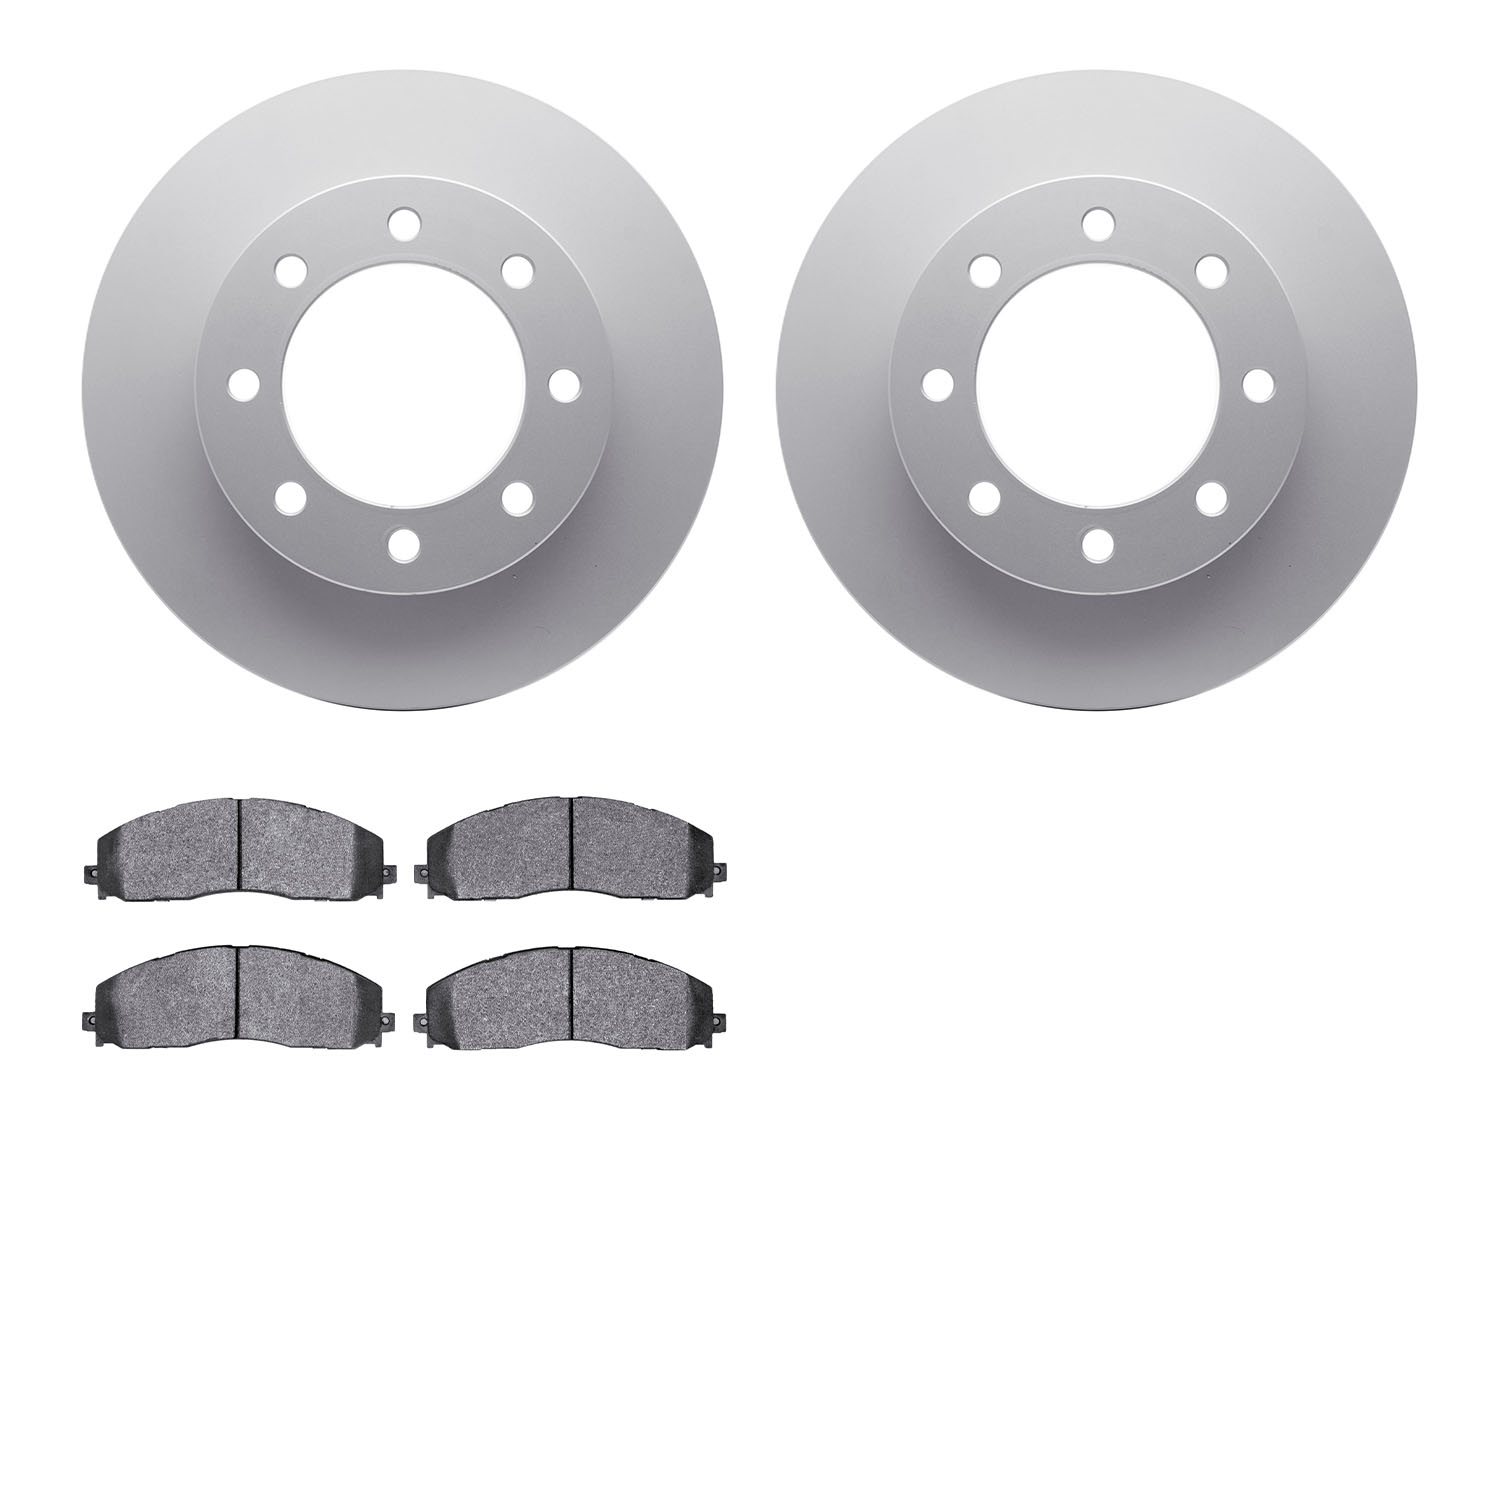 4202-99191 Geospec Brake Rotors w/Heavy-Duty Brake Pads Kit, Fits Select Ford/Lincoln/Mercury/Mazda, Position: Front
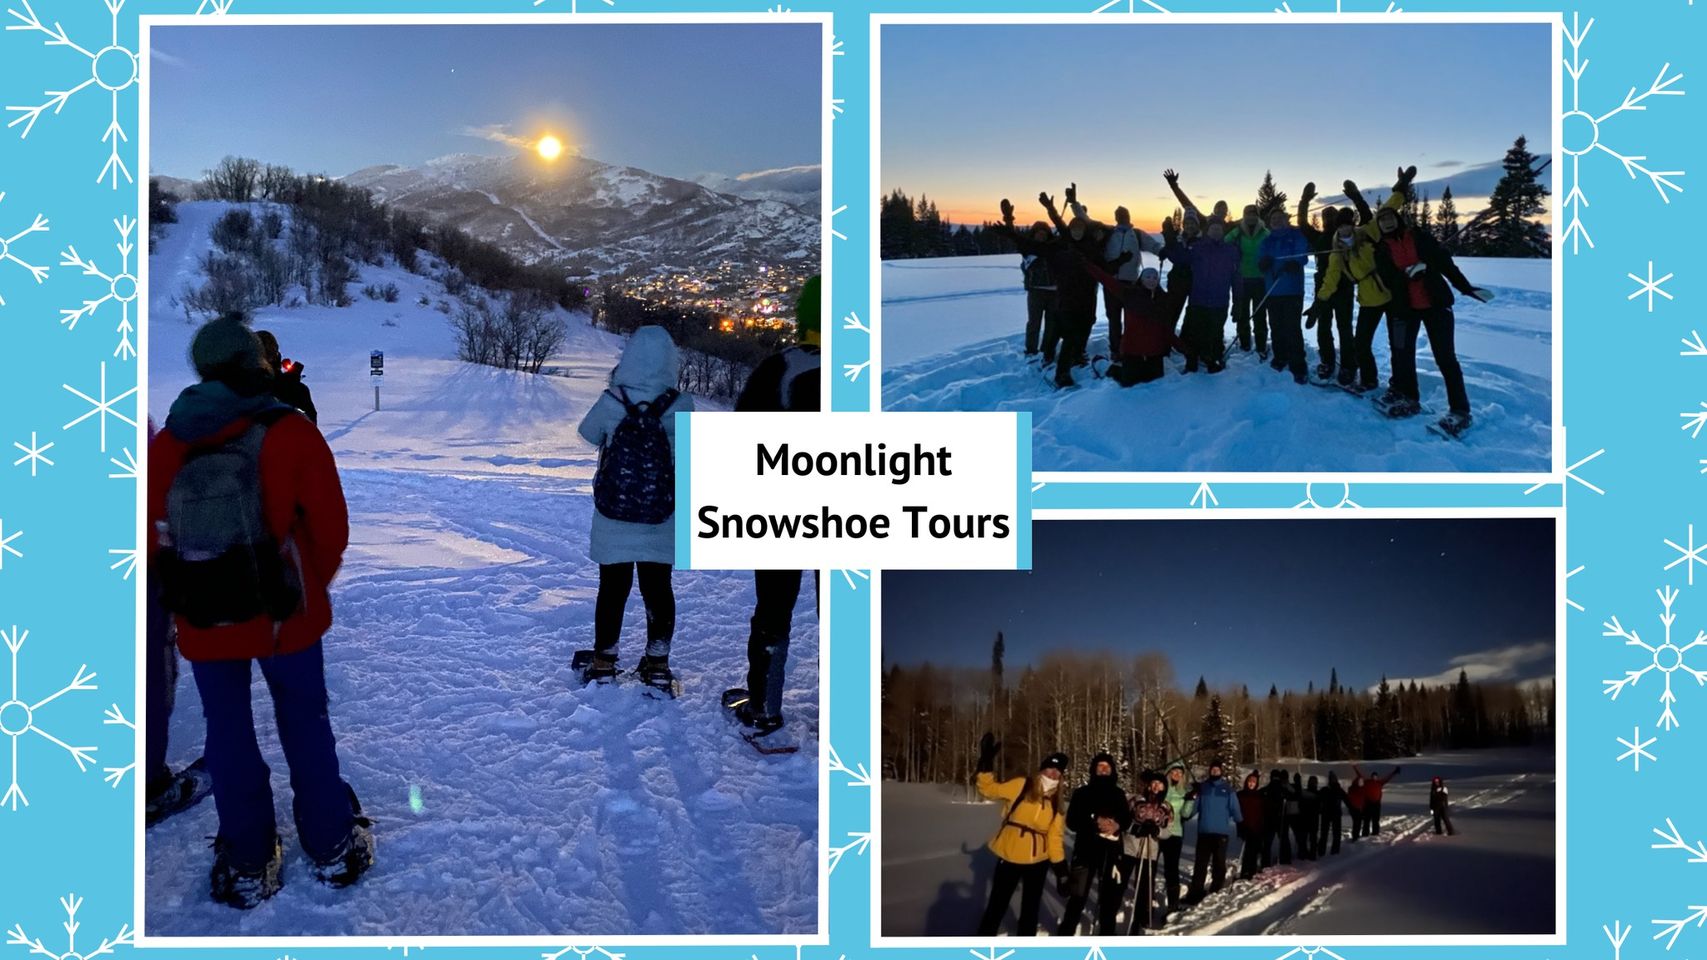 Moonlight Snowshoe Tours in the centre of three photos of people in the snow at night
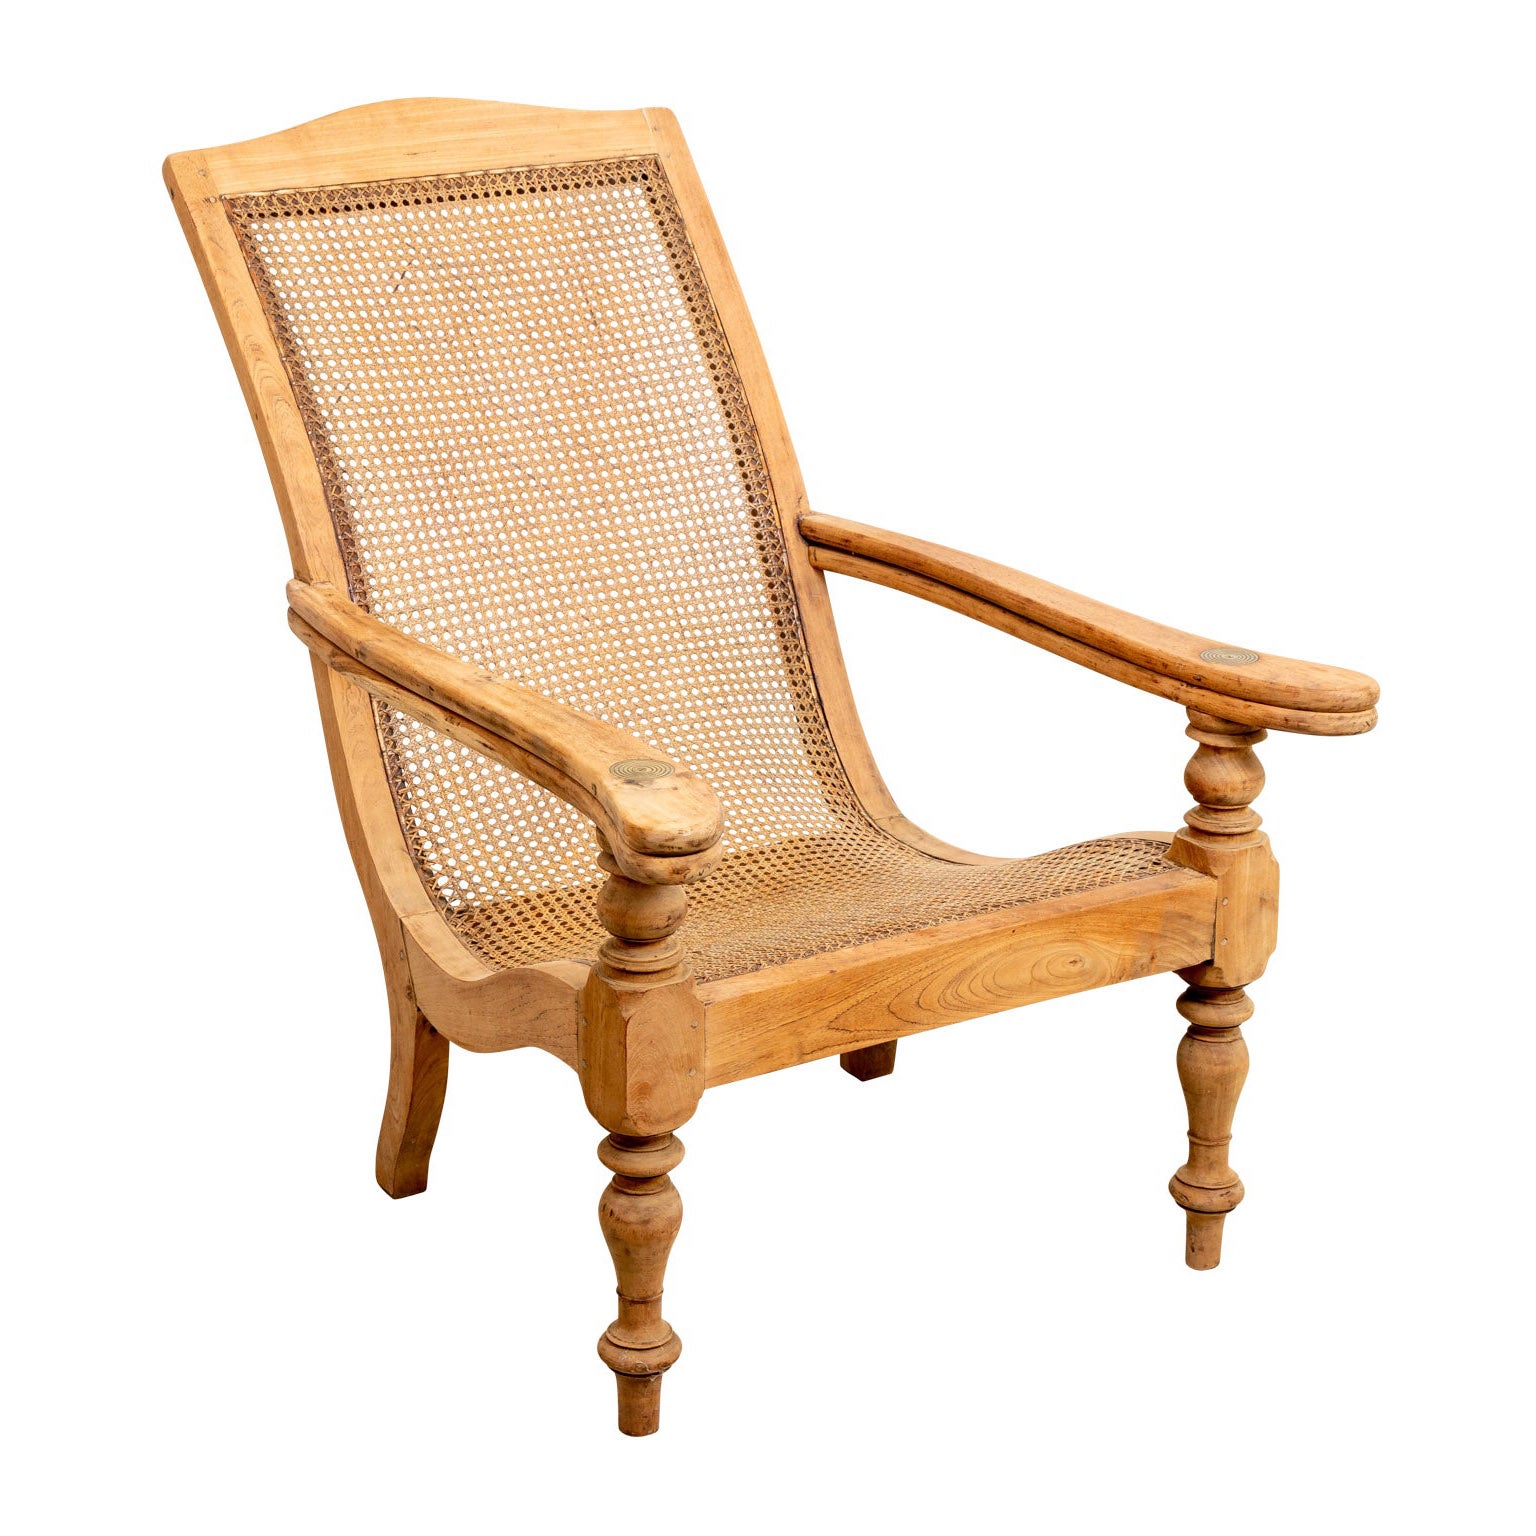 Cane Woven Plantation Armchair with Wood Frame
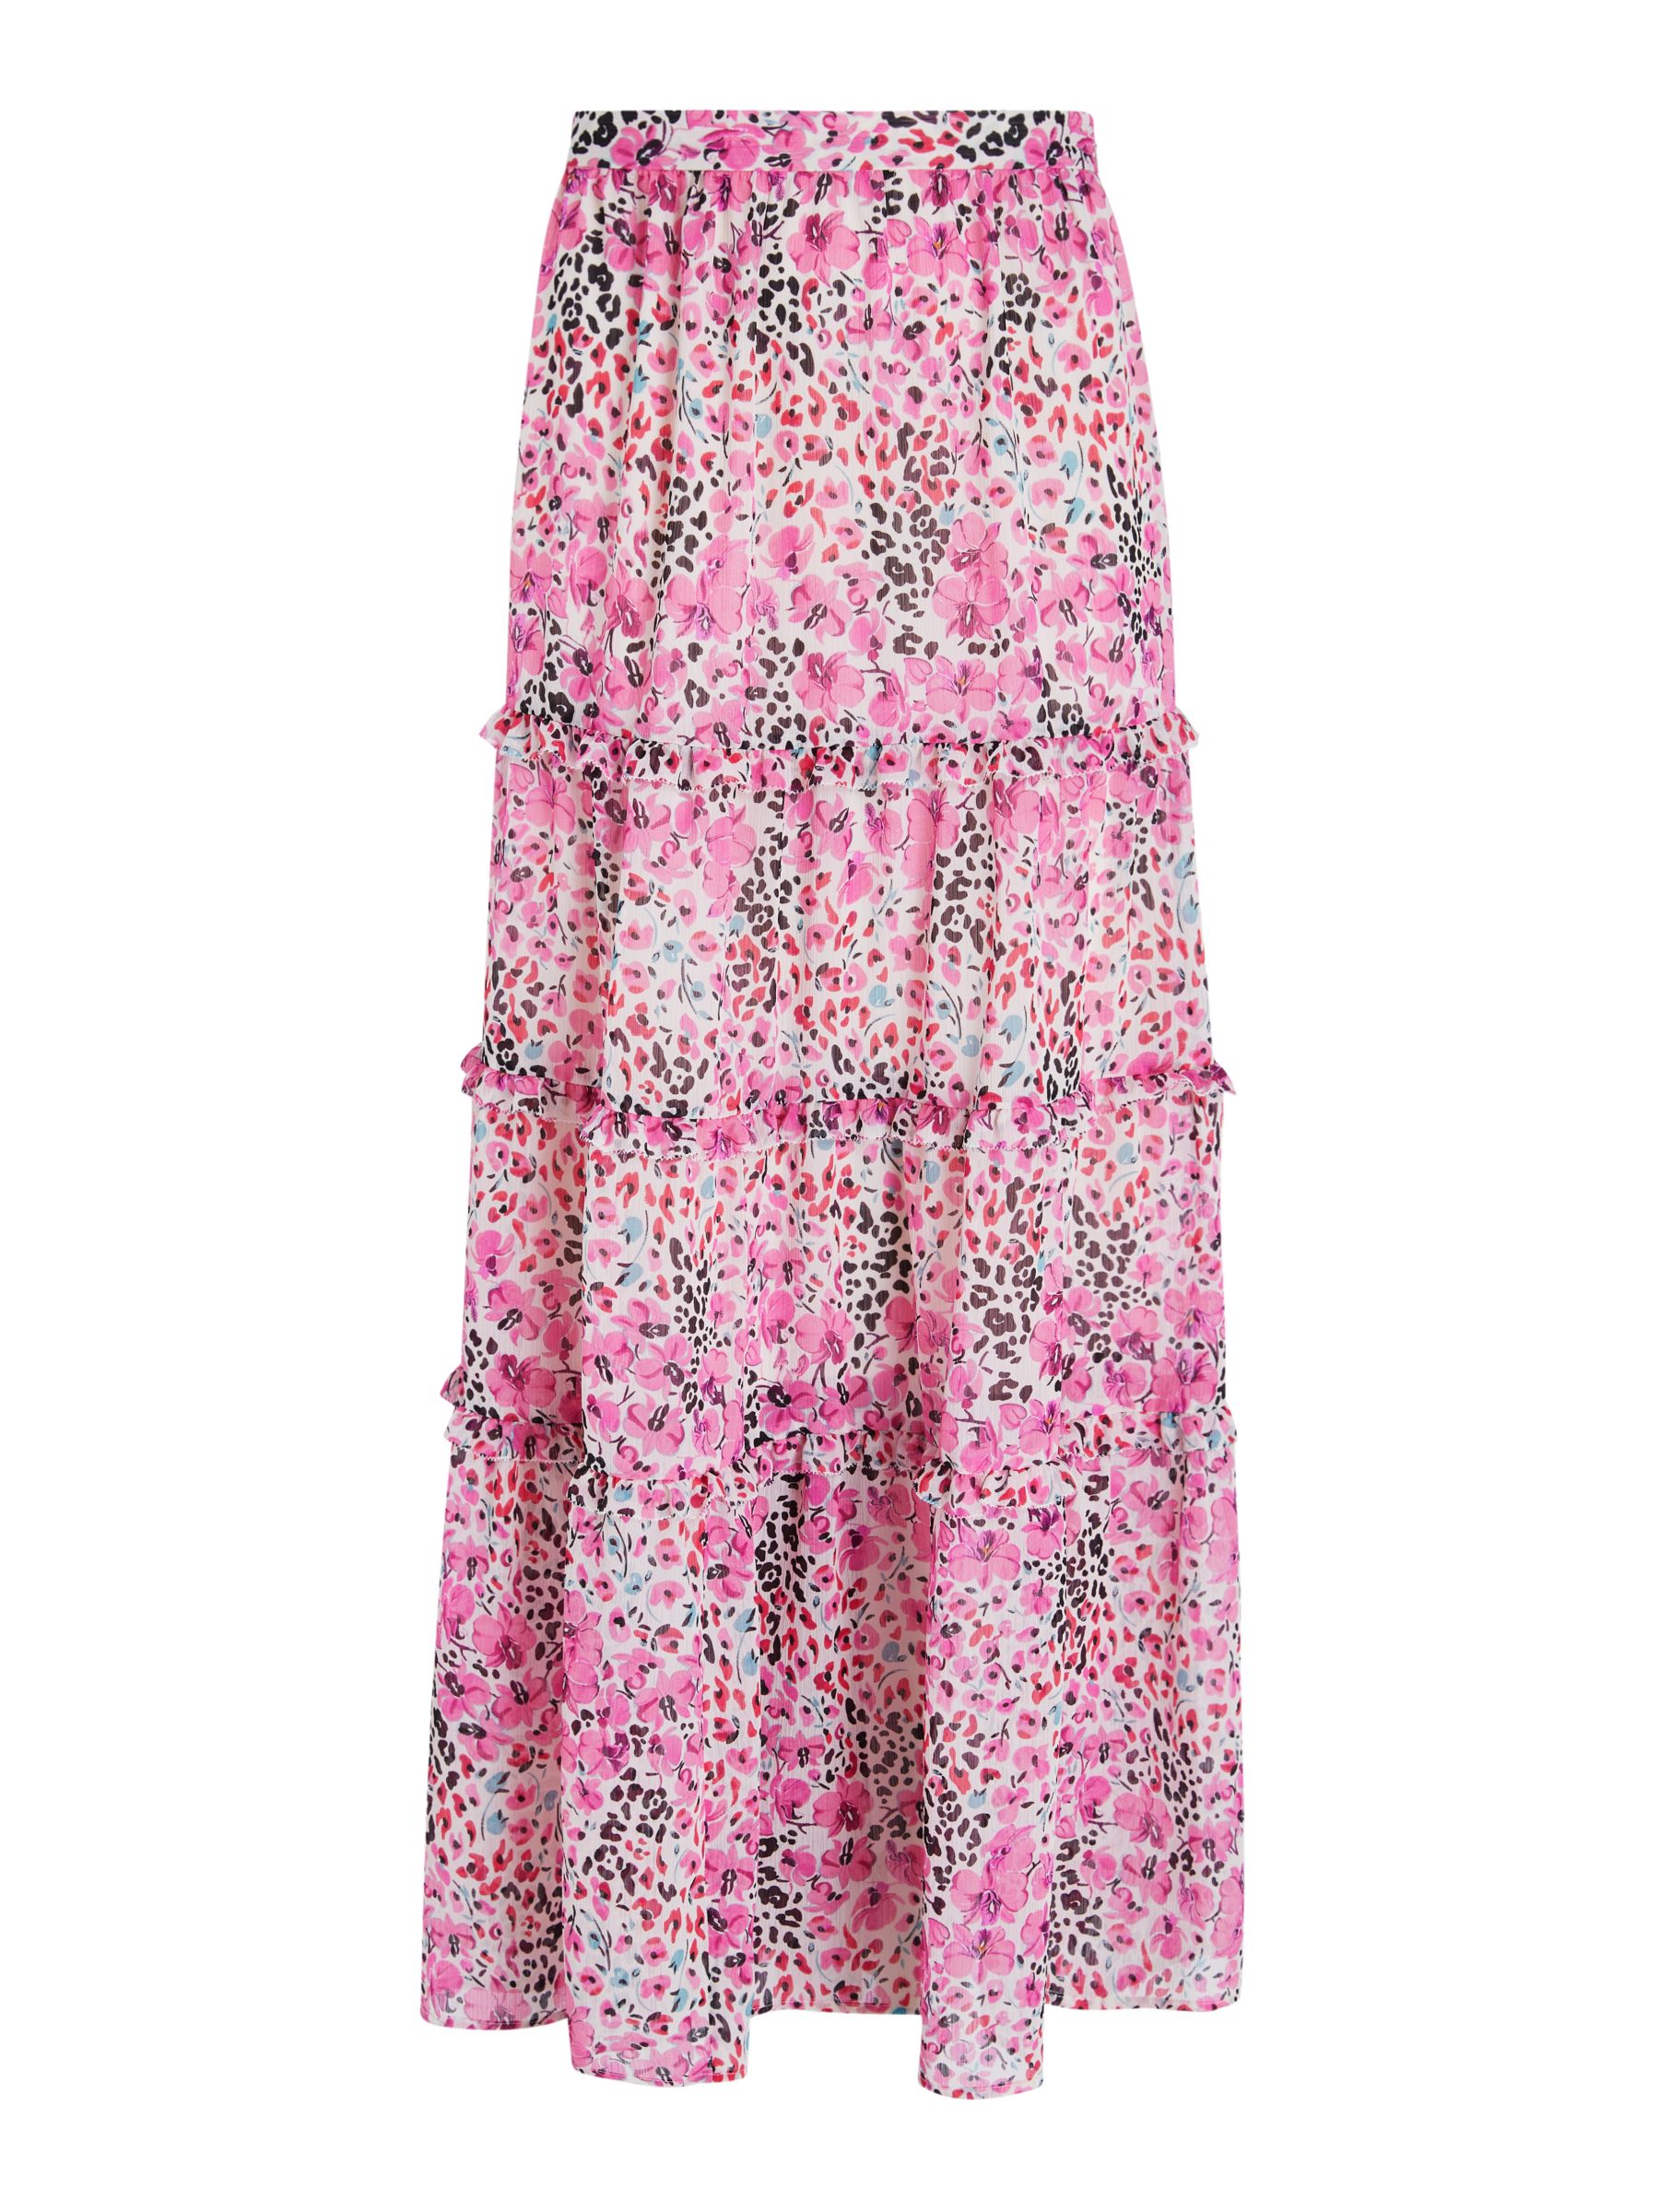 Somerset by Alice Temperley Orchid Animal Print Tiered Midi Skirt, Pink ...

========

| Problem to solve |
Give back the data exactly. Pictures stay out.

| Answer box |
 4202-99191 Geospec Brake Rotors w/Heavy-Duty Brake Pads Kit, Fits Select Ford/Lincoln/Mercury/Mazda, Position: Front
 Moonlight Snowshoe Tours in the centre of three photos of people in the snow at night
 Cane Woven Plantation Armchair with Wood Frame
 Somerset by Alice Temperley Orchid Animal Print Tiered Midi Skirt, Pink ...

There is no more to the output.